* DATASET EXTRACT *
*****

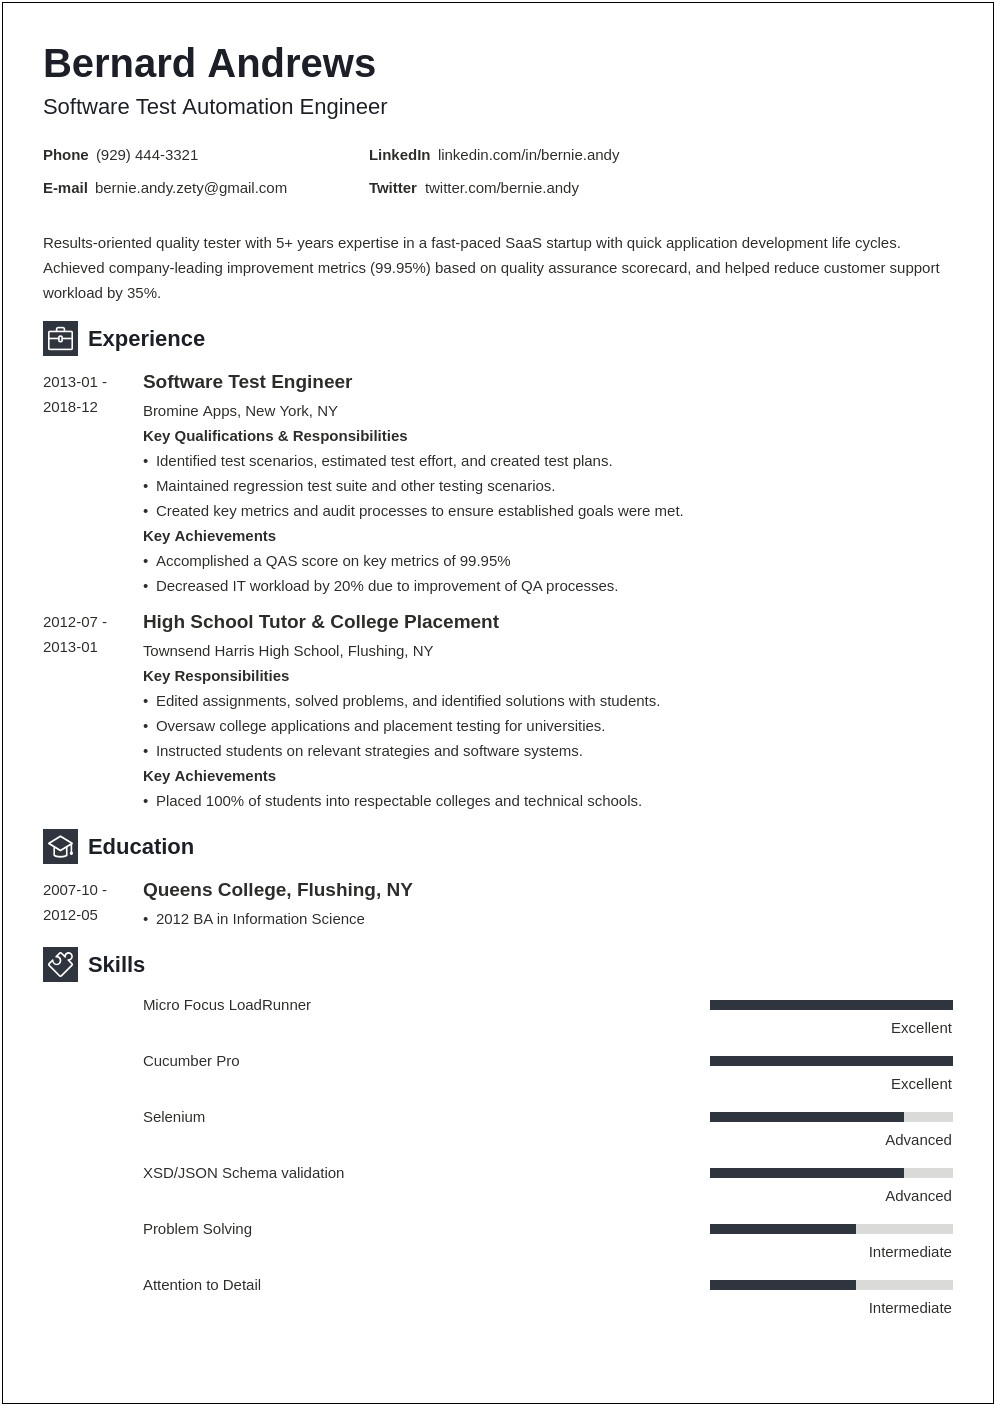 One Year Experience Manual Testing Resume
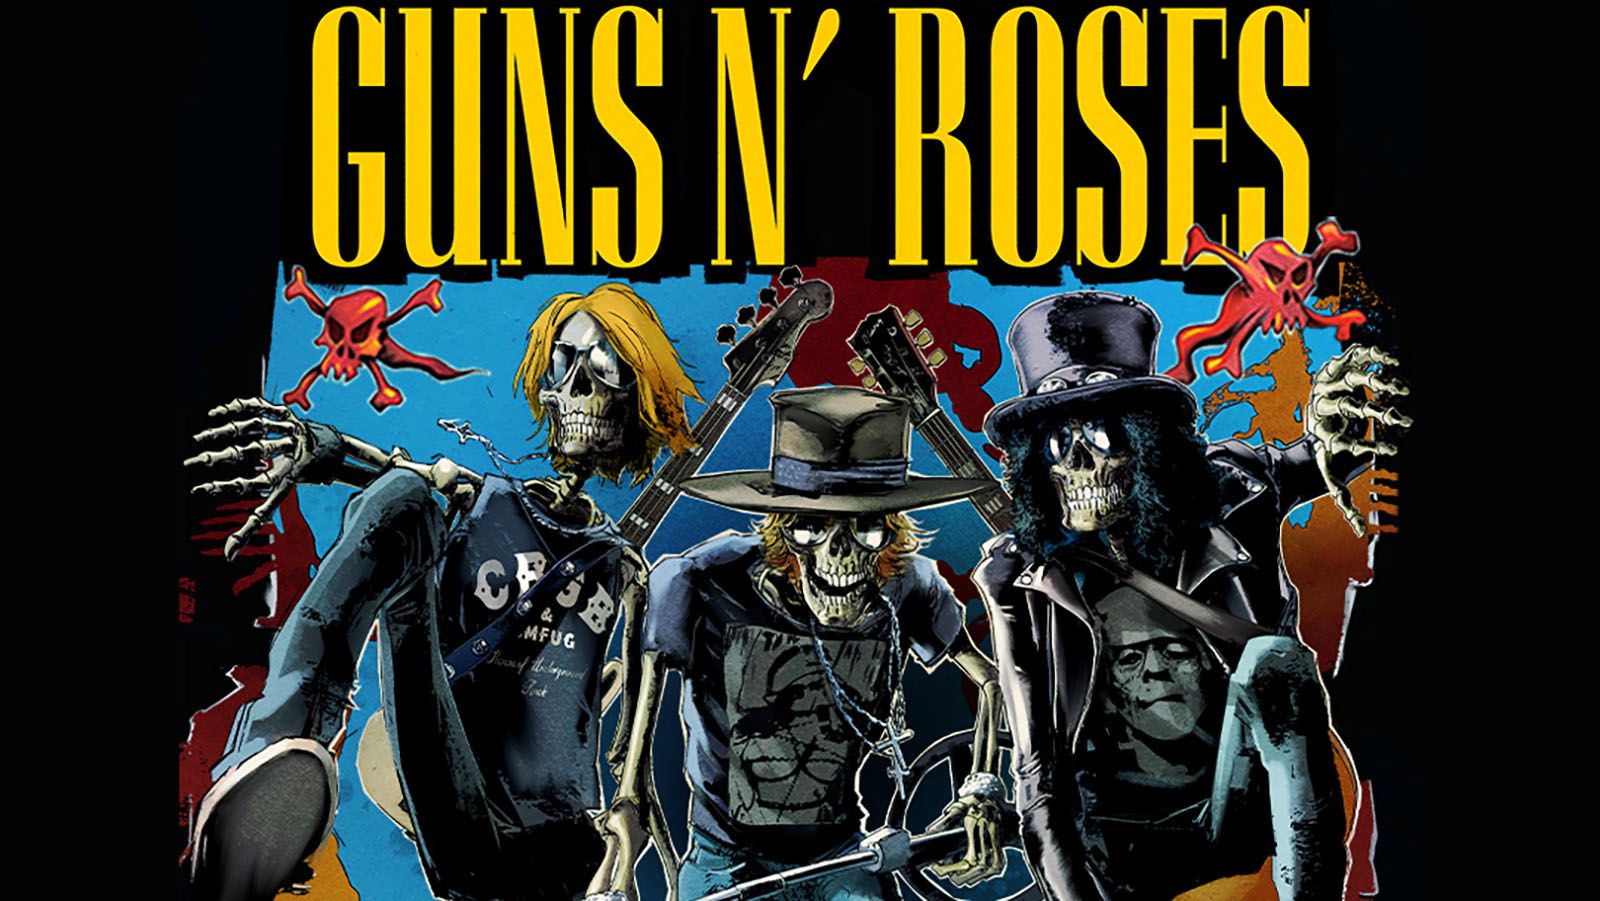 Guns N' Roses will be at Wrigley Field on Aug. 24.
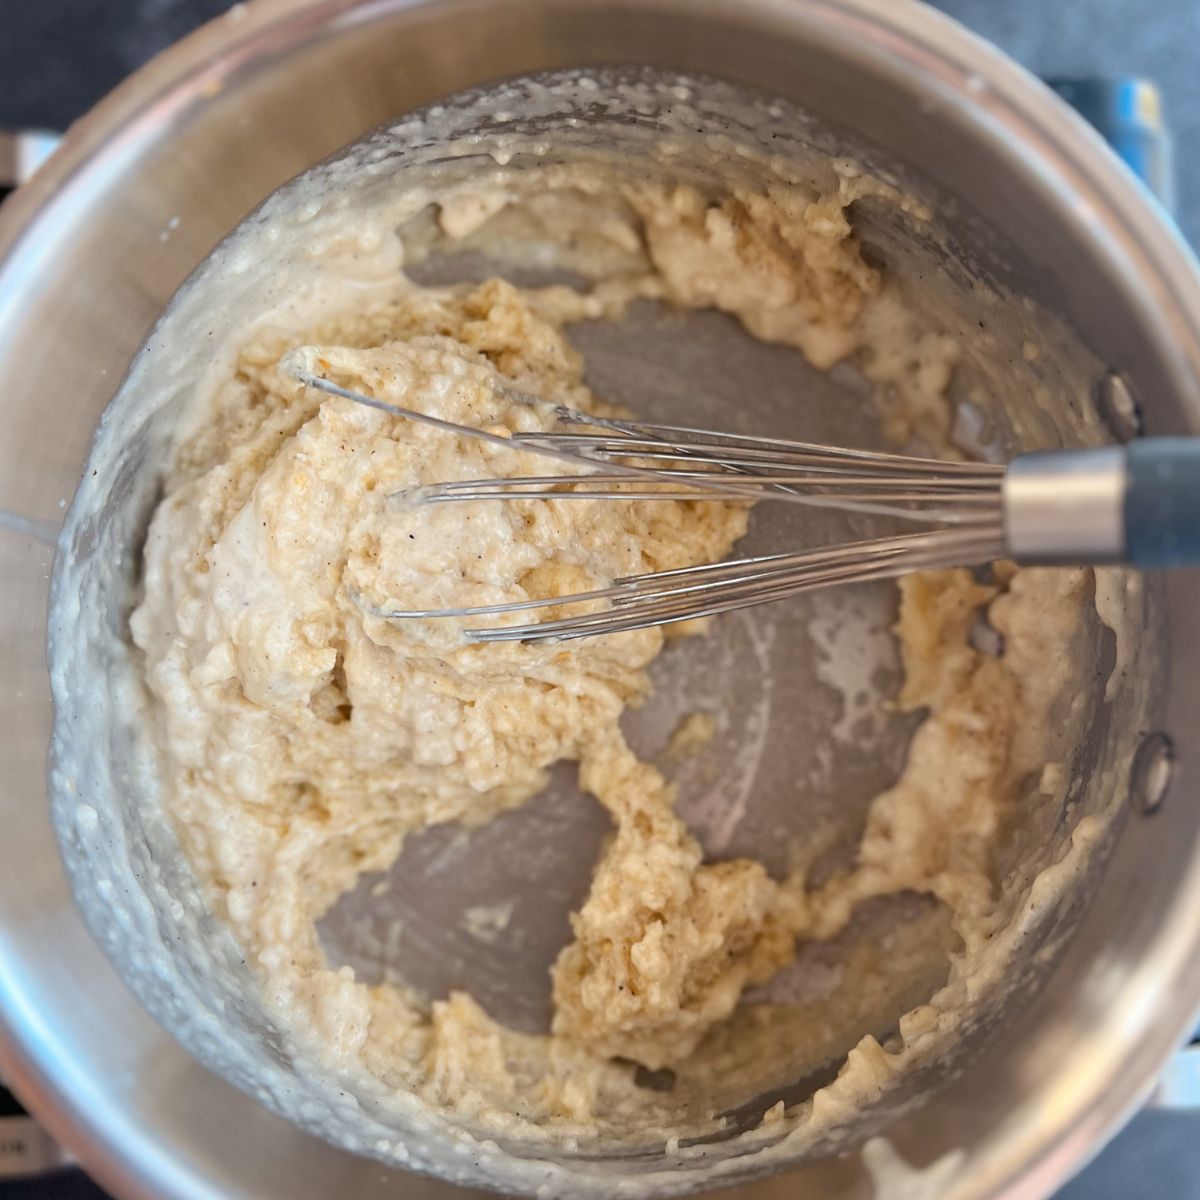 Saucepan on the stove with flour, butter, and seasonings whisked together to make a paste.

*****

Copy out every line of the data above, taking care to leave the pictures out.

* TASK SOLUTION *
 One Year Experience Manual Testing Resume
 Guns N' Roses will be at Wrigley Field on Aug. 24.
 Saucepan on the stove with flour, butter, and seasonings whisked together to make a paste.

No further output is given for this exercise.